Judge Thompson wrote that the trial judge should not have excluded evidence that Tamerlan Tsarnaev had been involved in a triple murder in 2011, which could have bolstered an argument from defense lawyers that he had dominated and intimidated his younger brother.

The Trump administration had called on the court to hear the case even though it did not satisfy some of the usual criteria for review.

“Although the court of appeals’ errors are largely case-specific, the context of this case makes them exceptionally significant,” the government’s brief said.

The appeals court’s ruling allowed prosecutors to try again to obtain the death penalty at a new sentencing hearing with jurors who are subjected to closer questioning and provided with more information about Tamerlan Tsarnaev.

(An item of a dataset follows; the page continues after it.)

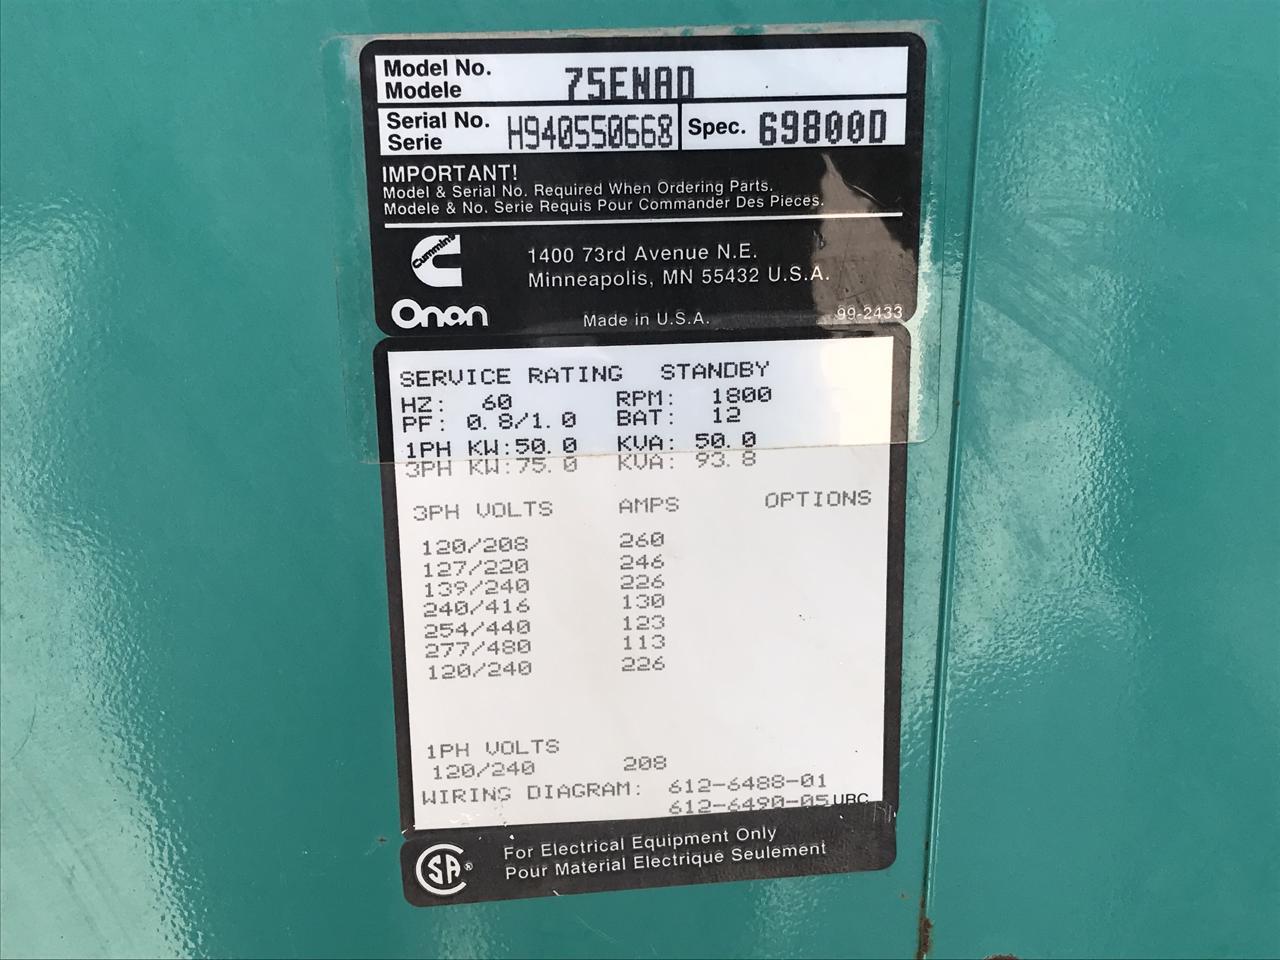 75 Kw Cummins Onan Generator Set 12 Lead Year 1994 Weather Proof 277 480 Volts

The government’s brief said that would subject jurors and witnesses to needless burdens.

In particular, the brief said, “the victims will have to once again take the stand to describe the horrors that respondent inflicted on them.”

Nancy Gertner, a retired federal judge who now teaches at Harvard Law School, said the Biden administration should consider whether it wants to pursue the appeal.

“Given that Mr. Tsarnaev will never leave prison,” she said in a statement, “the government should consider whether continuing to pursue a death sentence for him is unnecessarily traumatizing for the victims’ families and the city of Boston.”

Until July, there had been no federal executions in 17 years. In the six months that followed, the Trump administration executed 13 inmates, more than three times as many as the federal government had put to death in the previous six decades.

Mr. Tsarnaev is not the only inmate on federal death row who has had his death sentence overturned. The day before Mr. Biden assumed office, a three-judge panel of the U.S. Court of Appeals for the 10th Circuit, in Denver, vacated the death sentence of Kenneth Barrett, who had been convicted of killing a state trooper, saying his lawyers had not represented him effectively.

The government has not filed an appeal to the Supreme Court in Mr. Barrett’s case, and it is unclear whether it will do so.

Robert Dunham, the executive director of the Death Penalty Information Center, said the Supreme Court’s decision to hear the case from Boston was driven by its notoriety. “Tsarnaev is an extraordinary case by any measure,” he said, adding that the case will help force the new administration to clarify its stance on capital punishment.

“At some point, they’ll have to make a decision on what their policy is,” Mr. Dunham said. “Cases like this will tell us how serious the president’s pledge was to work to end the death penalty.”

Hailey Fuchs and Katie Benner contributed reporting.